Financial literacy may be broadly defined as the ability to understand and effectively use financial information. This presentation offers a comprehensive review of current approaches to measuring financial literacy and proposes a revised conceptual framework aimed at bridging the gap between its theoretical definition and empirical measurement.
Financial literacy is a multidimensional construct comprising five distinct dimensions, as identified by the OECD (2022): objective financial knowledge, subjective financial knowledge, financial attitudes, financial behaviours, and financial skills. Ideally, each of these dimensions should be assessed across nine key content domains, as proposed by Yakoboski et al. (2024): earning, consuming, saving, investing, borrowing/managing debt, insuring, comprehending risk, go-to information sources, and retirement fluency.
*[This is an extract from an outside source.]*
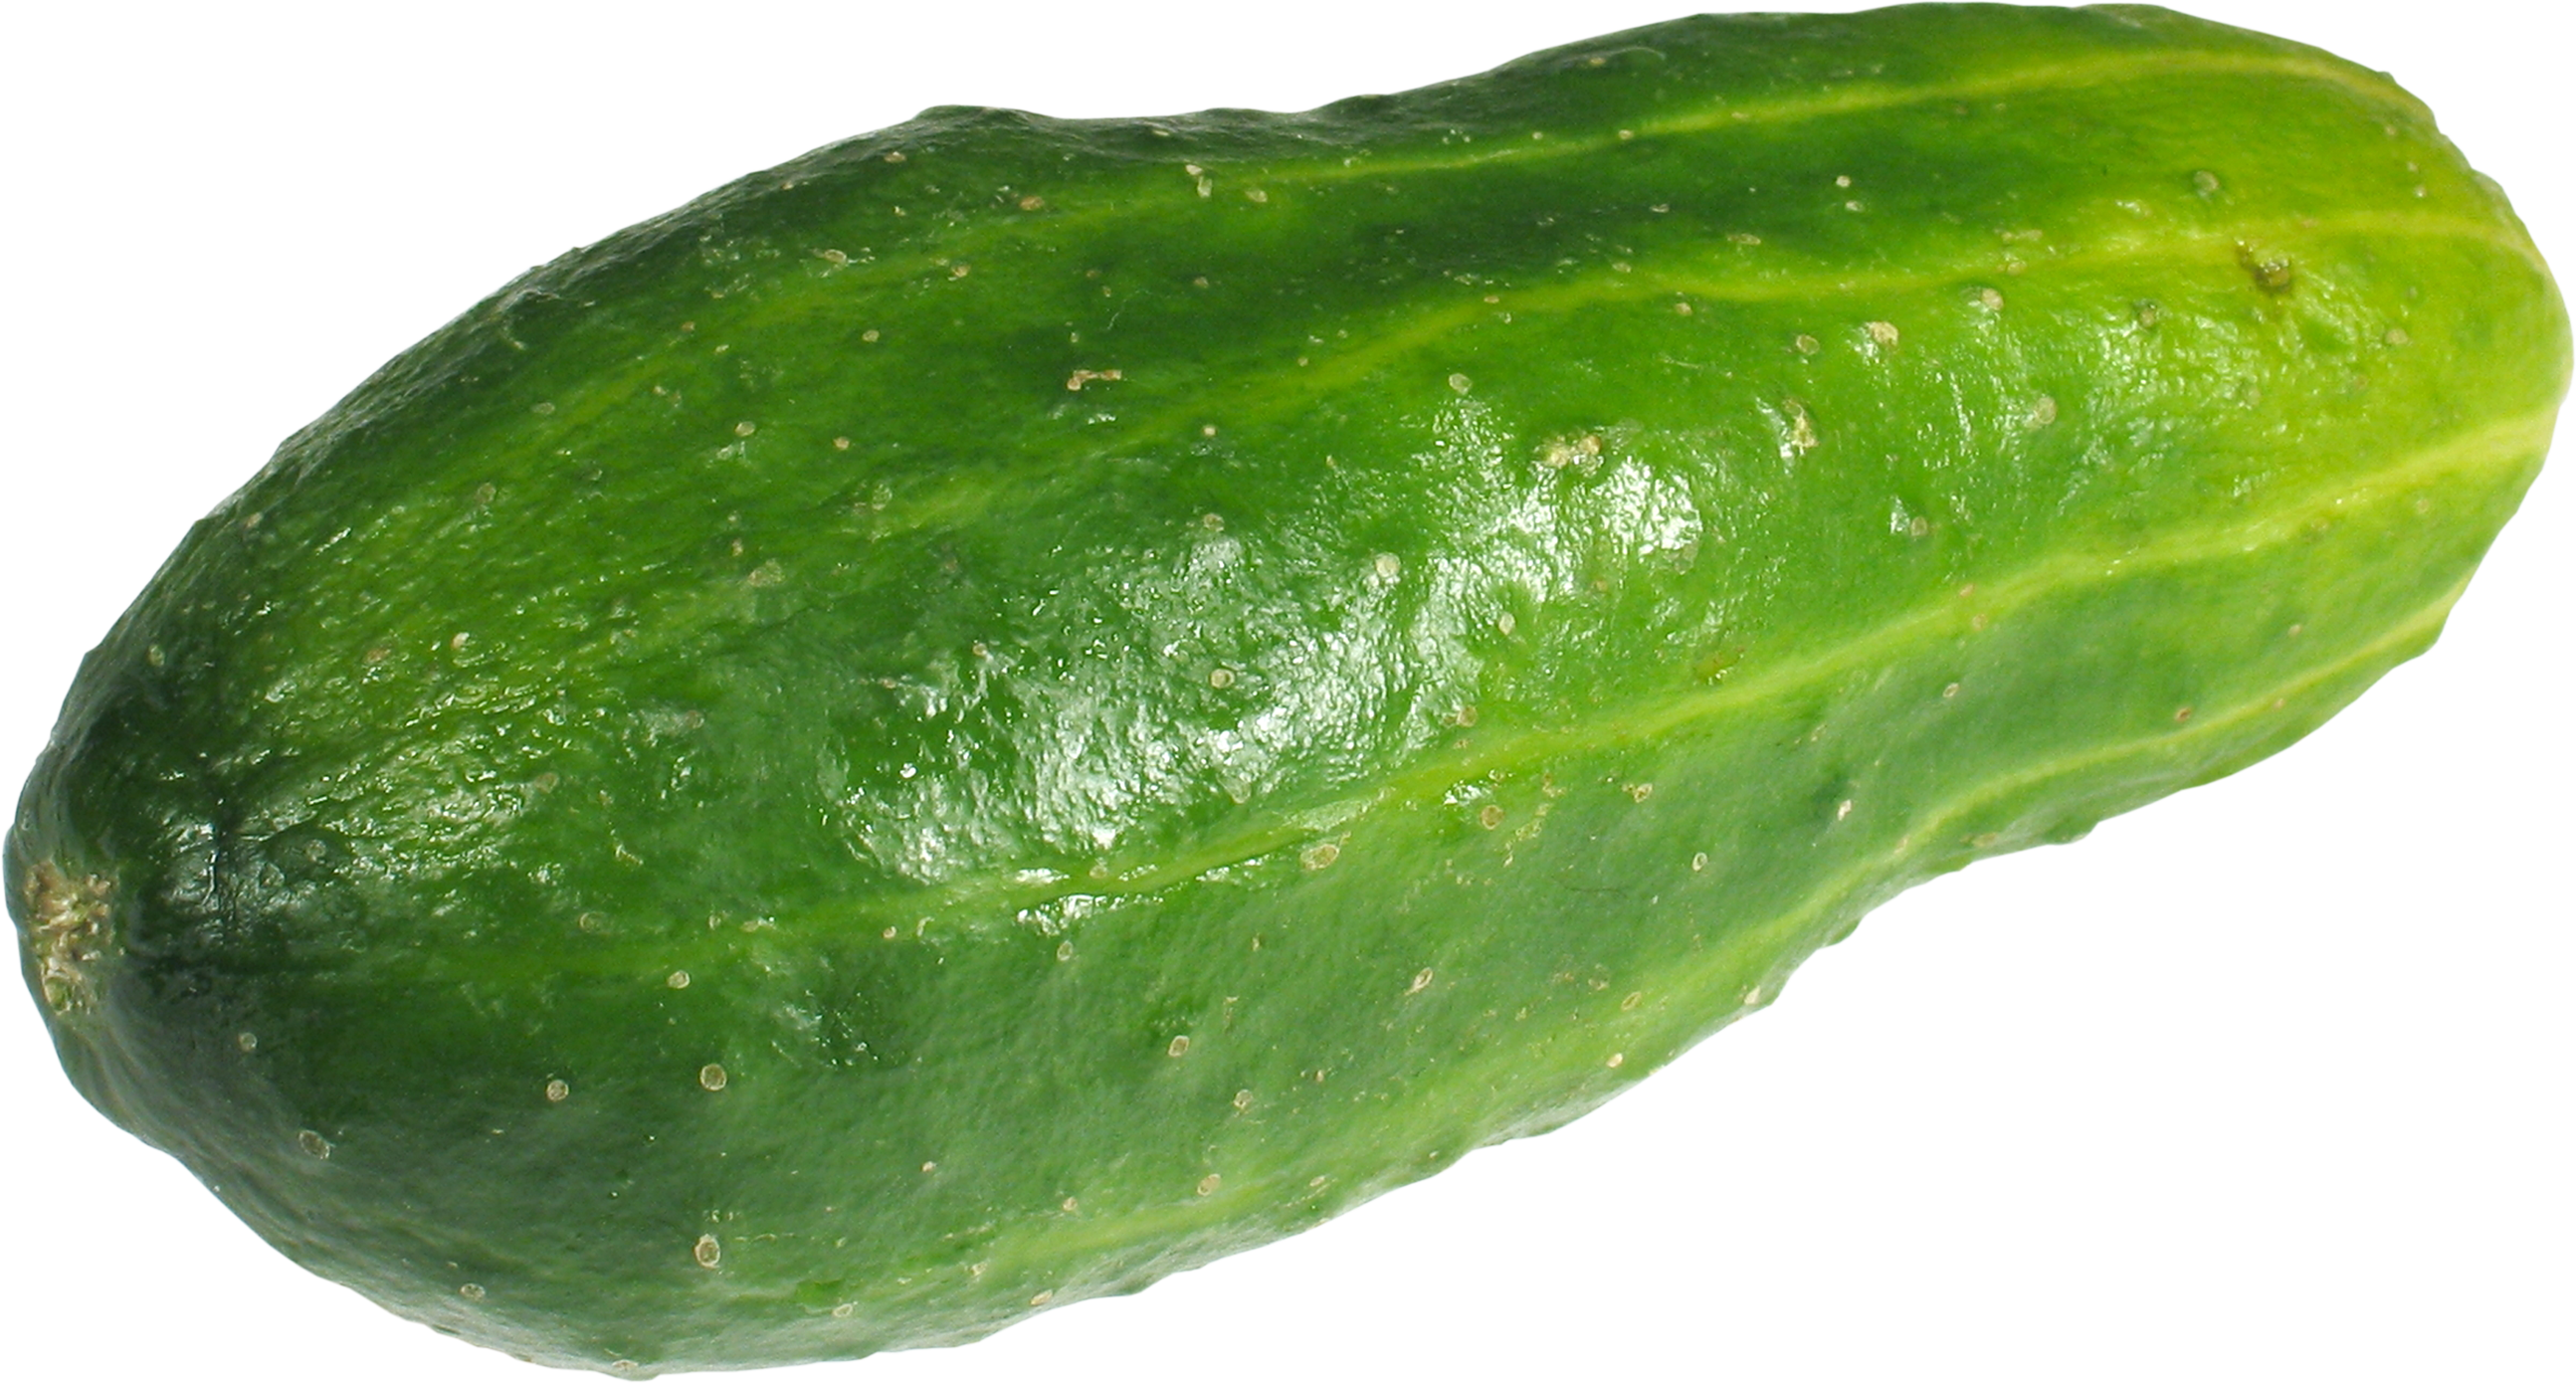 Cucumber PNG picture

This paper systematically reviews how each dimension has been conceptualized and operationalized in the academic literature, examining whether existing instruments adequately capture the full spectrum of content domains. The analysis reveals significant gaps and inconsistencies: some dimensions are better represented than others, and few tools succeed in encompassing the breadth of relevant financial topics.
In response to these findings, we propose a revised conceptual framework for financial literacy. The updated model retains four of the five OECD dimensions—excluding financial skills, which are considered transversal rather than finance-specific—and focuses on seven of the nine content areas. The two excluded domains (comprehending risk and go-to information sources) are reclassified as general skills rather than strictly financial components.
This revised framework contributes to the development of more precise, balanced, and conceptually aligned tools for measuring financial literacy, with implications for both academic research and policy design.